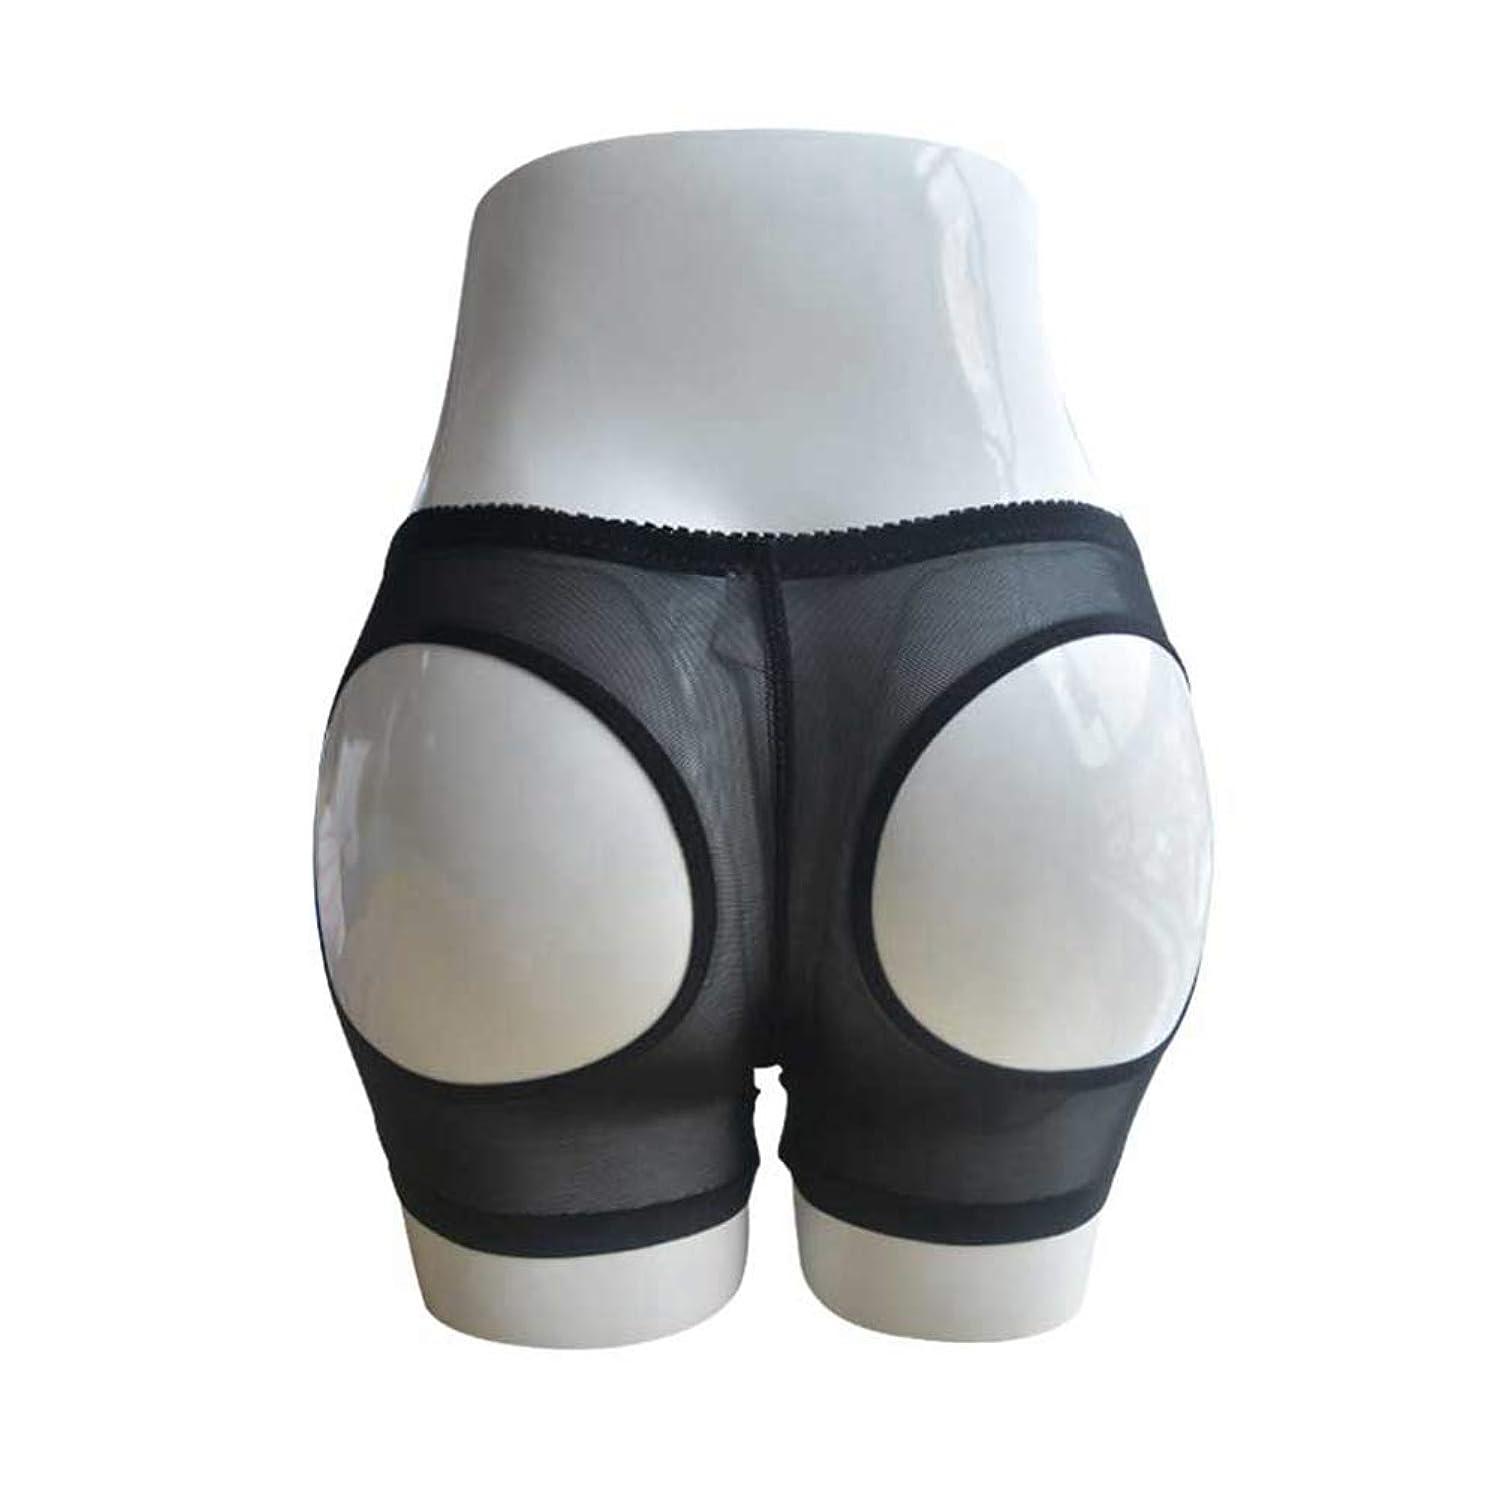 Fashion Hot Body Shaper Butt Lifter Enhancer Bodysuit Waist Trainer Control Panties
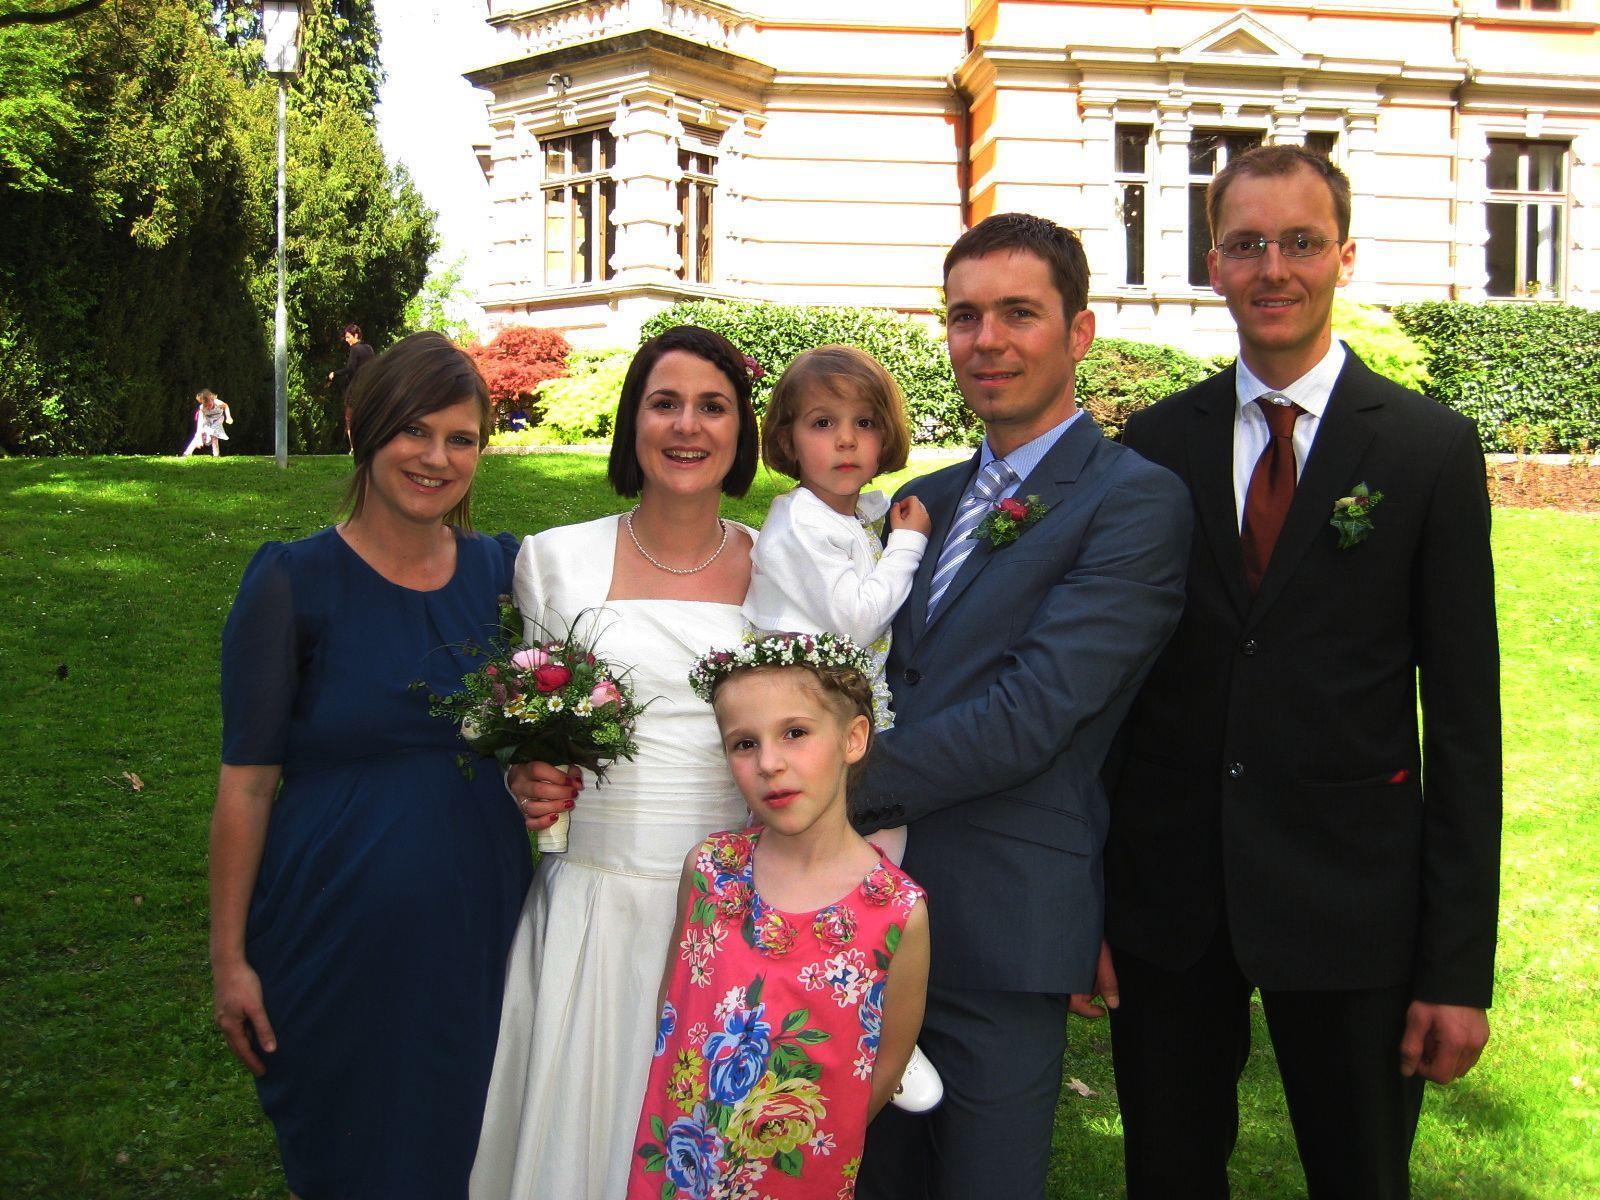 Nadine Fink und Bertram Peer haben geheiratet.
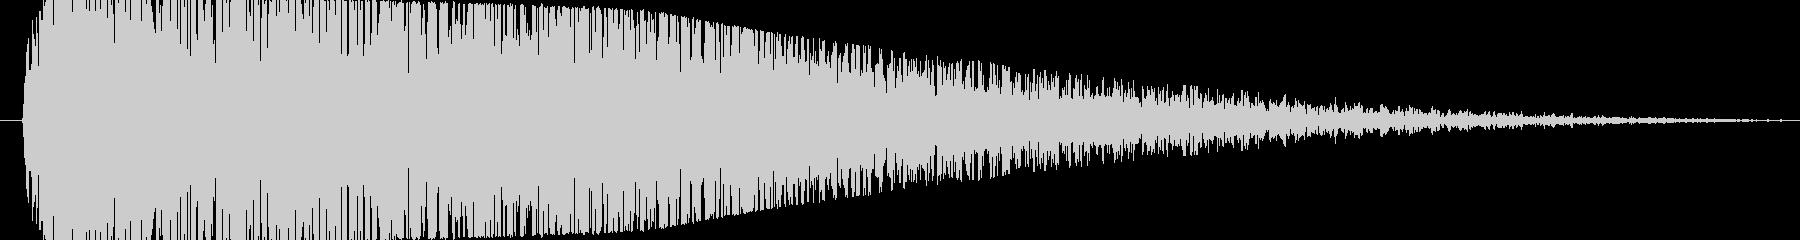 【爆音2(2秒に短縮)】大砲・ダメージ音の未再生の波形
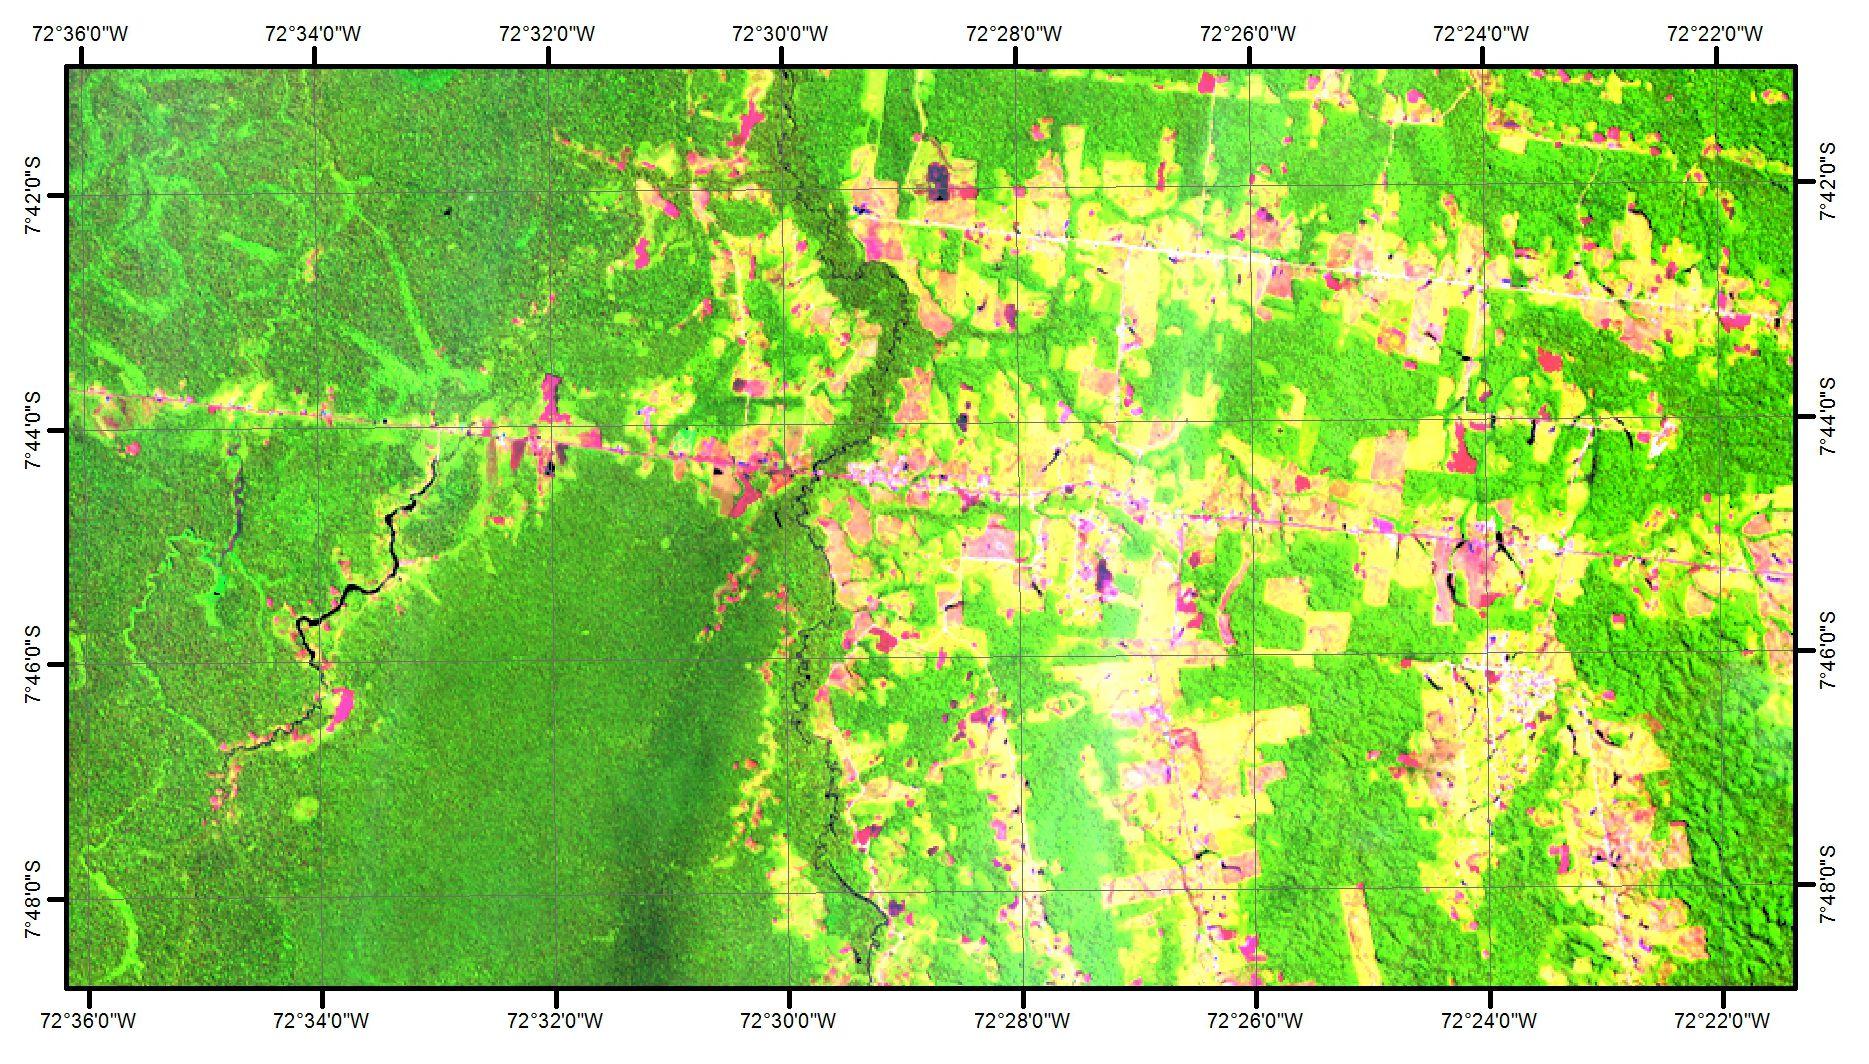 Imagem de Satélite - Setor Norte dos assentamentos Jamil Jeiressati e Santa Luzia (Cruzeiro do Sul/AC). Características distintas dos solos da região favorecem diferentes estratégias de manejo na agricultura

■ **Exercise aim**:
Skipping all images, print the data above a second time exactly.

■ **Solution**:
 Fashion Hot Body Shaper Butt Lifter Enhancer Bodysuit Waist Trainer Control Panties
 Nadine Fink und Bertram Peer haben geheiratet.
 【爆音2(2秒に短縮)】大砲・ダメージ音の未再生の波形
 Imagem de Satélite - Setor Norte dos assentamentos Jamil Jeiressati e Santa Luzia (Cruzeiro do Sul/AC). Características distintas dos solos da região favorecem diferentes estratégias de manejo na agricultura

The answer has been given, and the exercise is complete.